As a guy who does security for a living, and is having this same problem, that warning may be "normal" but it certainly isn't a good idea. Teaching customers to click "Trust always" without giving them any way to verify that the certificate is, actually, something they should trust is bad practice. Trusted root certificates is one way to do that, but at the very least, they should display a fingerprint on the server and client side that can be compared.
 
+1

This seems like a big deal, as it will display (and unnerve?) everyone who syncs OF iPhone to anything else. I think we could use more explanation and clarification from Omni as to why OF has to show this error message and no other iPhone-syncing apps do.
 
I think it only happens with the Bonjour sync, not the MobileMe (my guess for the most-used variety, based on no data whatsoever) sync. Agreed that it would be worrisome to encounter, and I don't understand what Apple wanted to accomplish here, but "everyone who syncs OF iPhone to anything else" is overstating things quite a bit.

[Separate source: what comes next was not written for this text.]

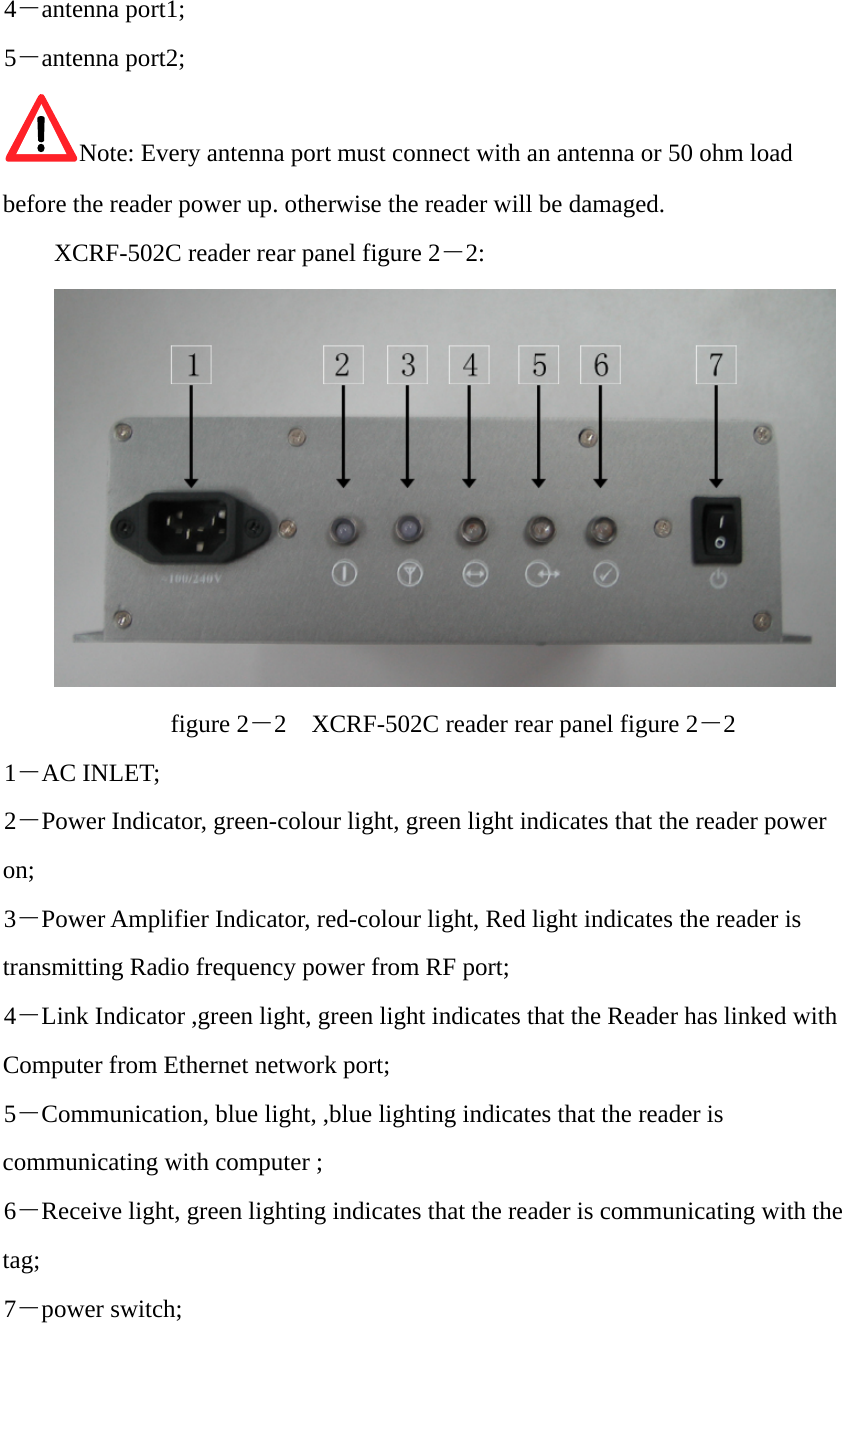                                                                                                                                                4－antenna port1; 5－antenna port2; Note: Every antenna port must connect with an antenna or 50 ohm load before the reader power up. otherwise the reader will be damaged. XCRF-502C reader rear panel figure 2－2:  figure 2－2    XCRF-502C reader rear panel figure 2－2 1－AC INLET; 2－Power Indicator, green-colour light, green light indicates that the reader power on; 3－Power Amplifier Indicator, red-colour light, Red light indicates the reader is transmitting Radio frequency power from RF port; 4－Link Indicator ,green light, green light indicates that the Reader has linked with Computer from Ethernet network port; 5－Communication, blue light, ,blue lighting indicates that the reader is communicating with computer ; 6－Receive light, green lighting indicates that the reader is communicating with the tag;  7－power switch;  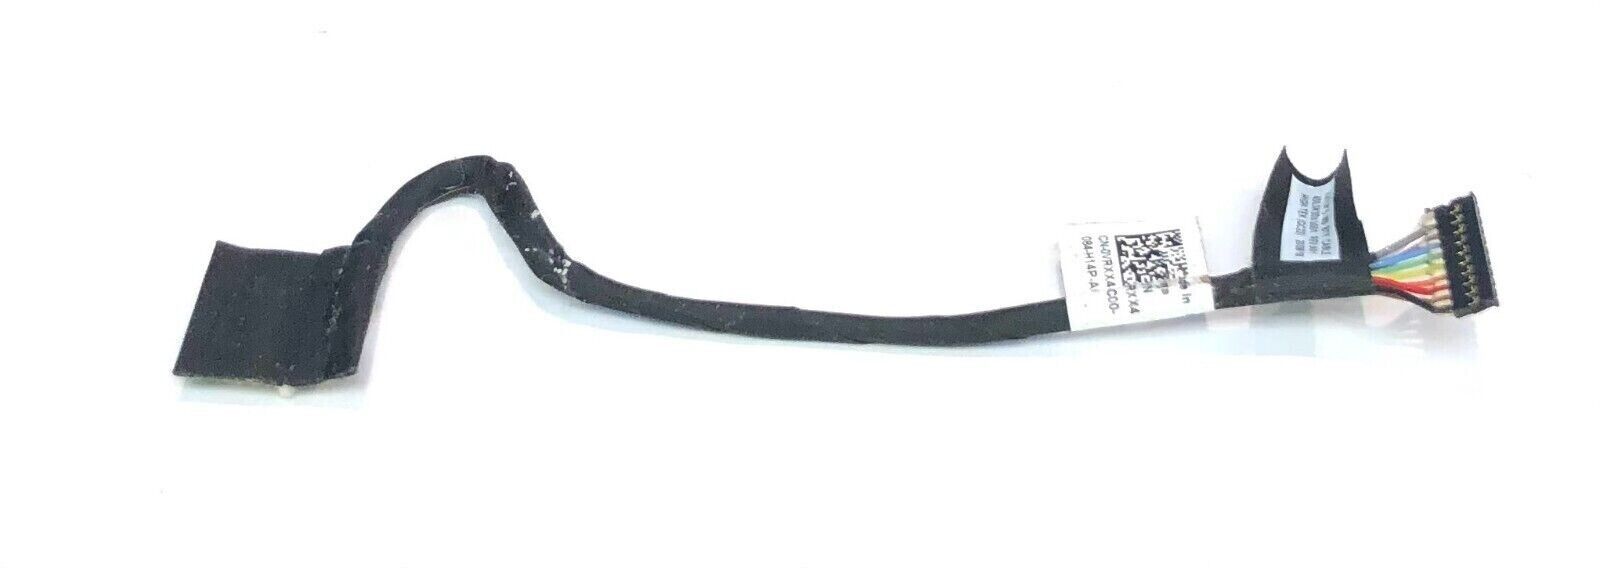 GENUINE DELL INSPIRON 7506 2IN1 LAPTOP BATTERY CABLE VRXX4 0VRXX4 NEW

Of course, who knows if anyone else is bothering to use encryption in their syncing methods? None of this trusted certificate stuff comes into play if not, right?
 
Well, OK good points. Sorry for the overstatement.

I inquired about encryption on OF iPhone syncing and was told it always uses encryption, so I assumed it would affect everyone.
 
Sync on the iPhone does do encryption (unless you've configured it otherwise with a plain http: URL in the WebDAV settings), but I think the issue here is where those certificates come from. If you're running Bonjour syncing, you probably don't have an identity certificate for your Mac issued by a recognized certificate authority, right? Whereas Apple's MobileMe servers will have certificates that can be traced back to a certificate authority by the security code to establish that the server is who it purports to be. When I try to sync to MobileMe from a network where there's a redirector to intercept web requests and force you to log in, I get a warning that the certificate looks a little fishy in some way, presumably because addresses don't match. But now I've reached the limits of my knowledge, so maybe this is a good place for me to stop, before I'm forced to go learn more about this stuff :)
 
Quote:
Originally Posted by whpalmer4 View Post
If you're running Bonjour syncing, you probably don't have an identity certificate for your Mac issued by a recognized certificate authority, right?
It only needs to be "recognized" by the application. Presumably, Omnifocus installed a certificate on their local sync server that was recognized by their iPhone app. Now, for whatever reason, it is no longer recognized by their iPhone app, at the request of Apple. Not being clear on what the issue was that Apple was concerned about or on the details of the local iPhone certificate-store, it's hard to say what the problem was, but the "solution" here is awful. I've had an "Omnifocus security audit" item sitting in Omnifocus for a while now - it might be time to dig into it.
 
It'd be nice to get some more detail on what Apple's concern was. Do they not like the use of self-signed CA's? If that's the case, is there a plan to get a cert signed by a recognized CA?